I’m very worried about the state of miner centralisation in Bitcoin.

I always felt the centralising effects of ASIC manufacturing would resolve 
themselves once the first mover advantage had been exhausted and the industry 
had the opportunity to mature.

I had always assumed initial centralisation would be harmless since miners have 
no incentive to harm the network. This does not consider the risk of a single 
entity with sufficient power and either poor, malicious or coerced decision 
making. I now believe that such centralisation poses a huge risk to the 
security of Bitcoin and preemptive action needs to be taken to protect the 
network from malicious actions by any party able to exert influence over a 
substantial portion of SHA256 hardware.

Inspired by UASF, I believe we should implement a Malicious miner Reactive 
Proof of Work Additions (MR POWA).

This would be a hard fork activated in response to a malicious attempt by a 
hashpower majority to introduce a contentious hard fork.

The activation would occur once a fork was detected violating protocol (likely 
oversize blocks) with a majority of hashpower. The threshold and duration for 
activation would need to be carefully considered.

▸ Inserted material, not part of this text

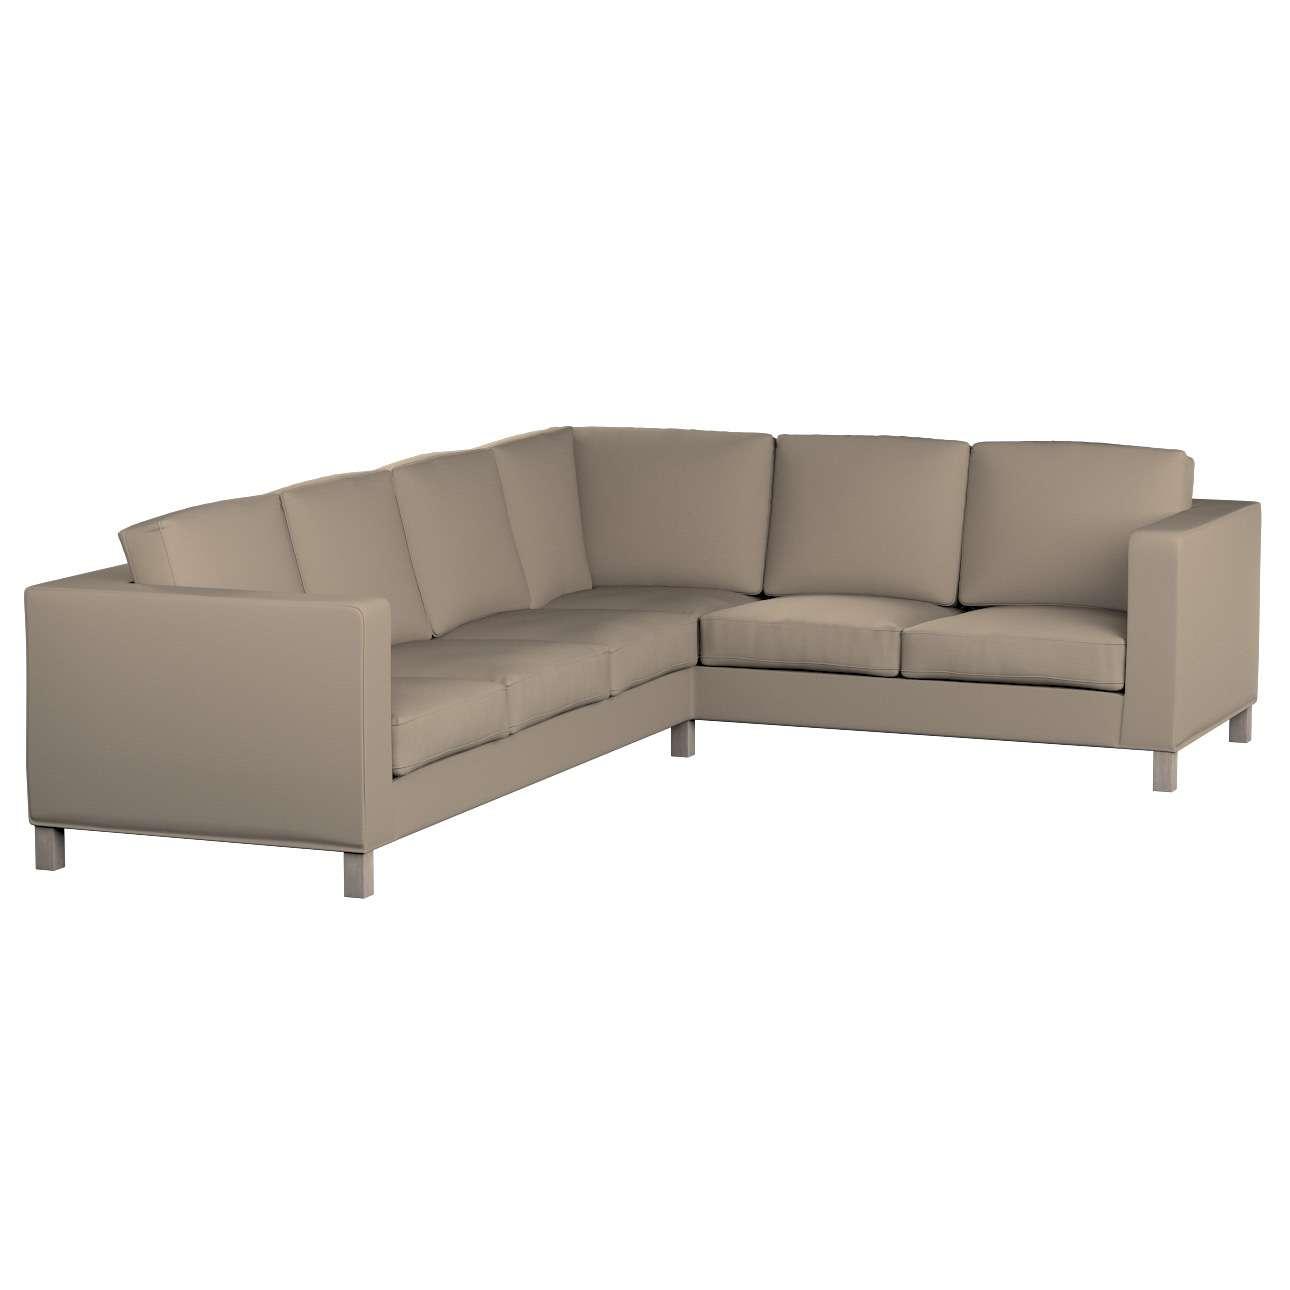 Pokrowiec na sofę narożną lewostronną Karlanda Sofa narożna lewostronna Karlanda w kolekcji Cotton Panama, tkanina: 702-28

I don’t think we should eliminate SHA256 as a hashing method and change POW 
entirely. That would be throwing the baby out with the bathwater and hurt the 
non-malicious miners who have invested in hardware, making it harder to gain 
their support.

Instead I believe we should introduce multiple new proofs of work that are 
already established and proven within existing altcoin implementations. As an 
example we could add Scrypt, Ethash and Equihash. Much of the code and mining 
infrastructure already exists. Diversification of hardware (a mix of CPU and 
memory intensive methods) would also be positive for decentralisation. Initial 
difficulty could simply be an estimated portion of existing infrastructure.

This example would mean 4 proofs of work with 40 minute block target difficulty 
for each. There could also be a rule that two different proofs of work must 
find a block before a method can start hashing again. This means there would 
only be 50% of hardware hashing at a time, and a sudden gain or drop in 
hashpower from a particular method does not dramatically impact the functioning 
of the network between difficulty adjustments. This also adds protection from 
attacks by the malicious SHA256 hashpower which could even be required to wait 
until all other methods have found a block before being allowed to hash again.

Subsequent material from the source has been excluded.